What the exercise asks
Transcribe, exactly and in full, every line from the one including "This netsuke was" to the end of the listing.

═════ Information provided

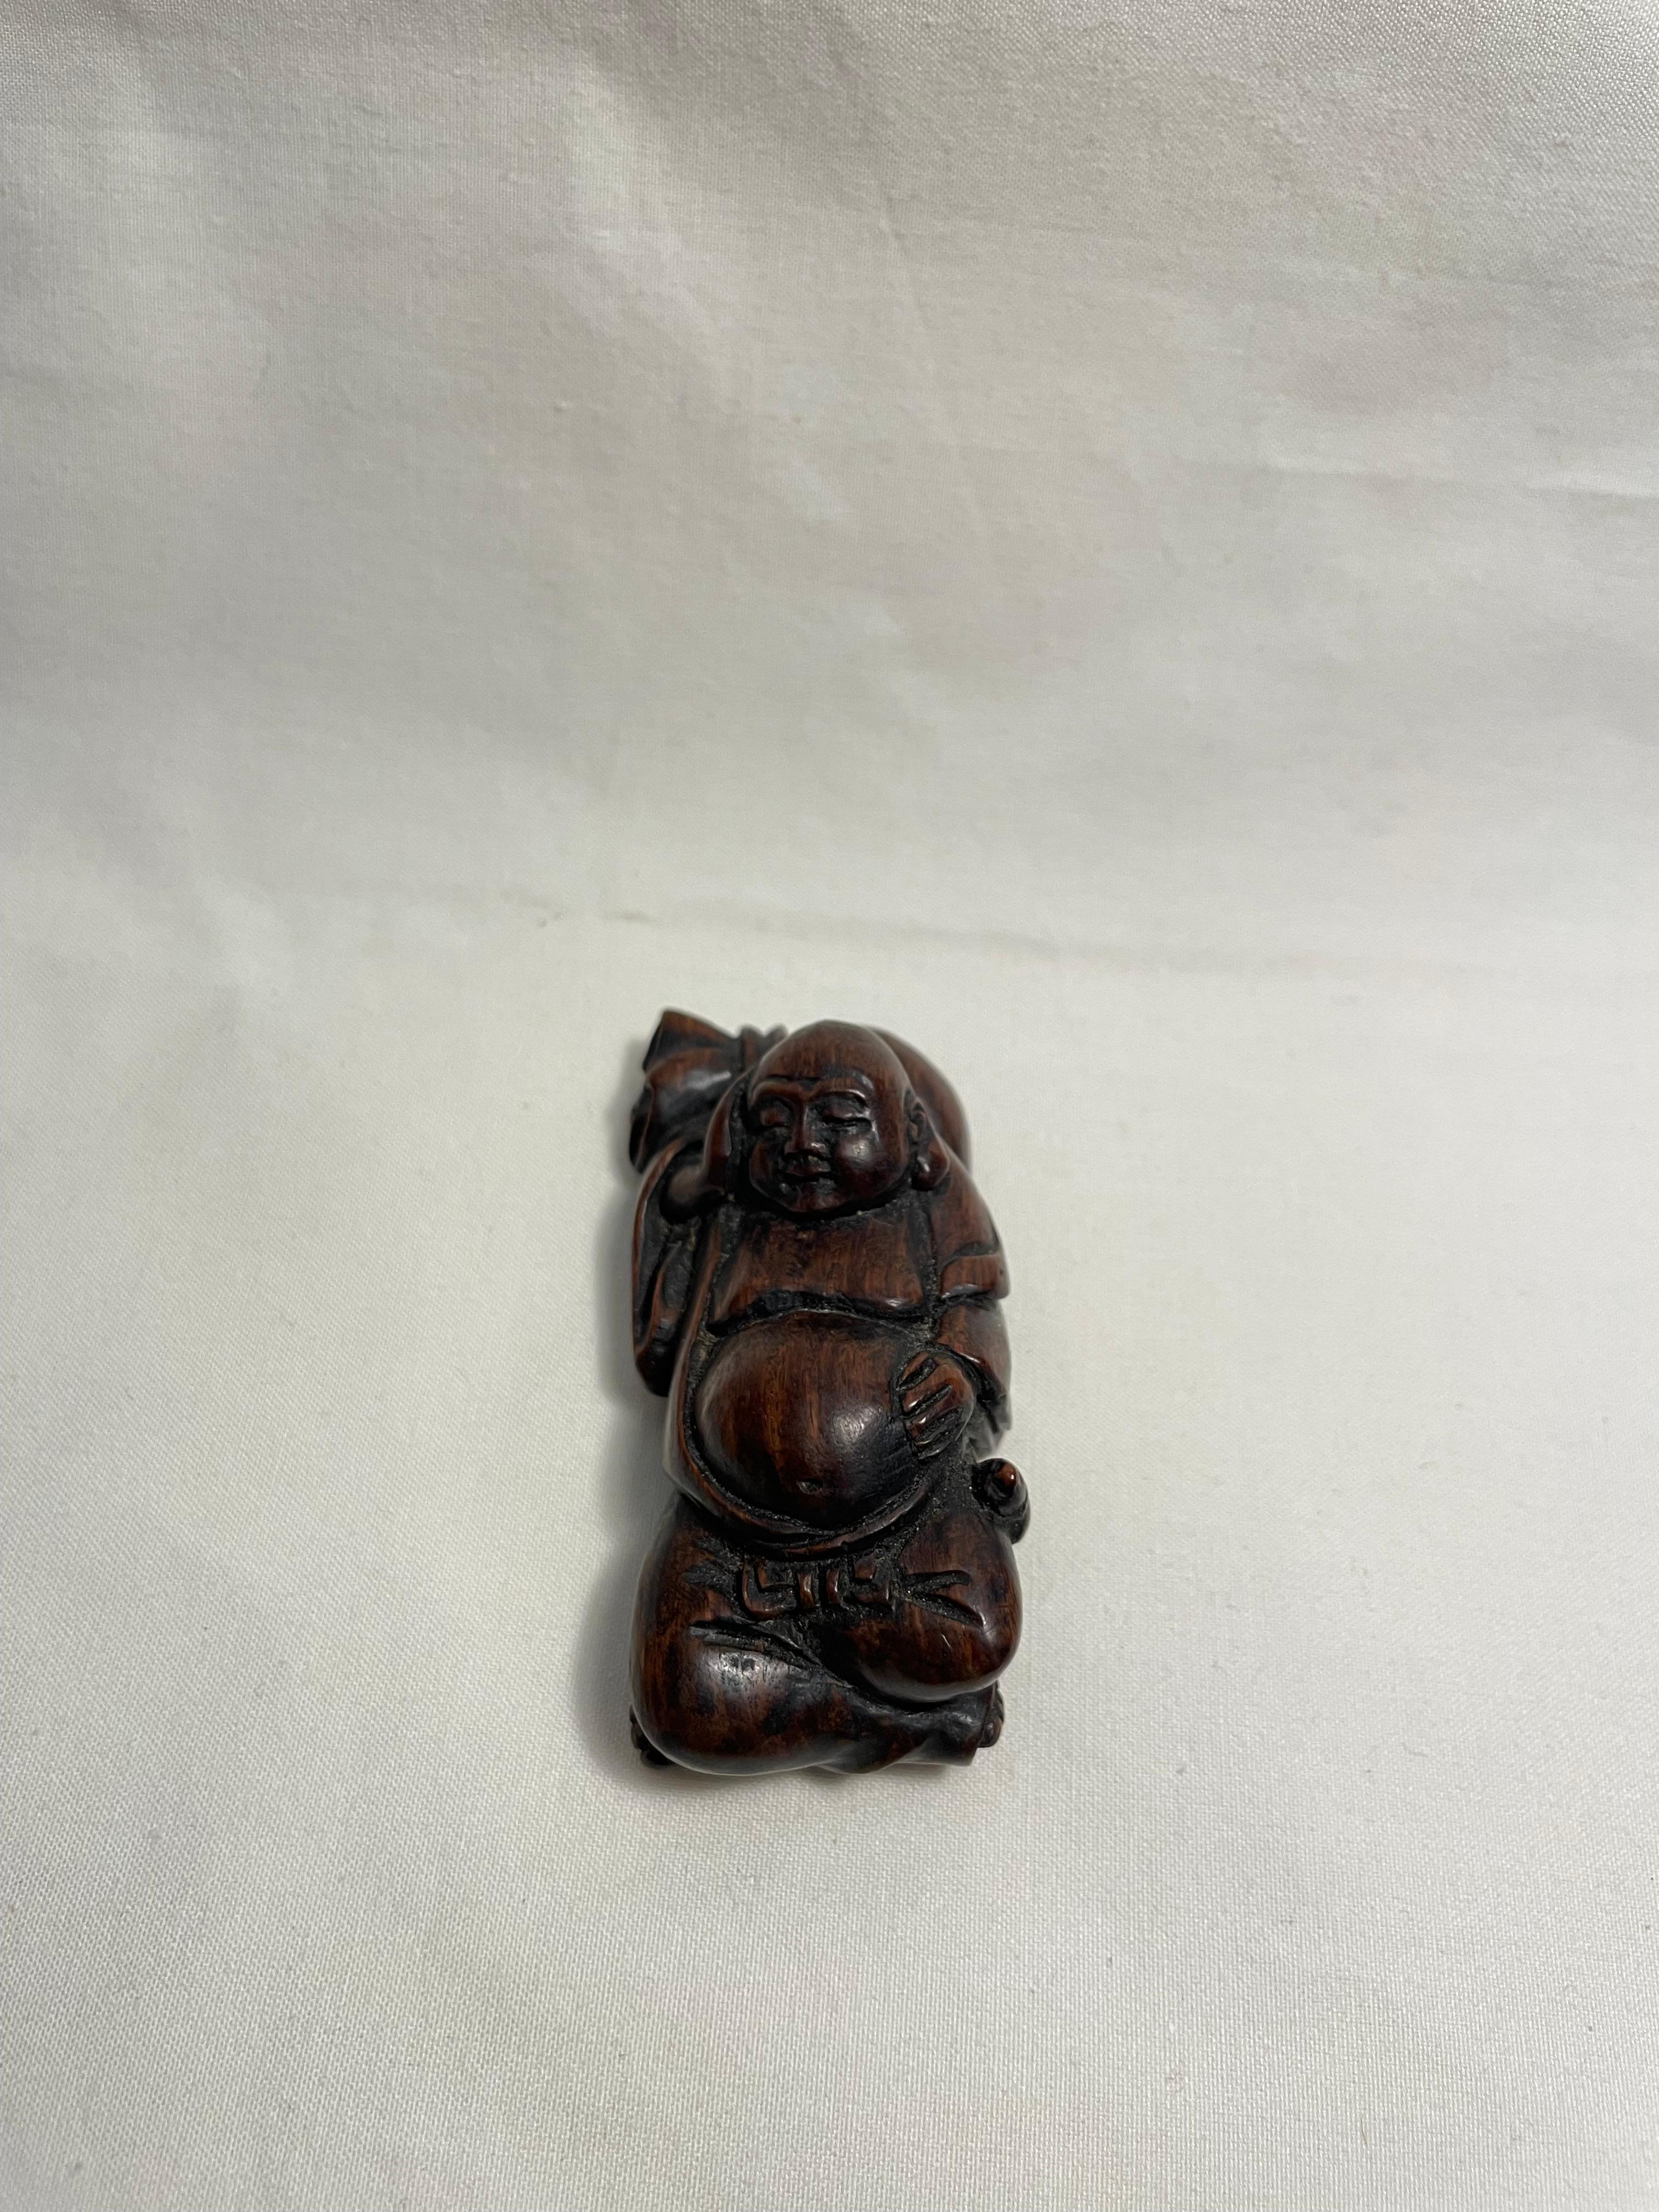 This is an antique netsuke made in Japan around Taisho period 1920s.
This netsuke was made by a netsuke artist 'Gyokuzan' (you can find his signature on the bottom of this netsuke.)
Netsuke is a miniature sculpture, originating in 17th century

══════════

Completed task
This netsuke was made by a netsuke artist 'Gyokuzan' (you can find his signature on the bottom of this netsuke.)
Netsuke is a miniature sculpture, originating in 17th century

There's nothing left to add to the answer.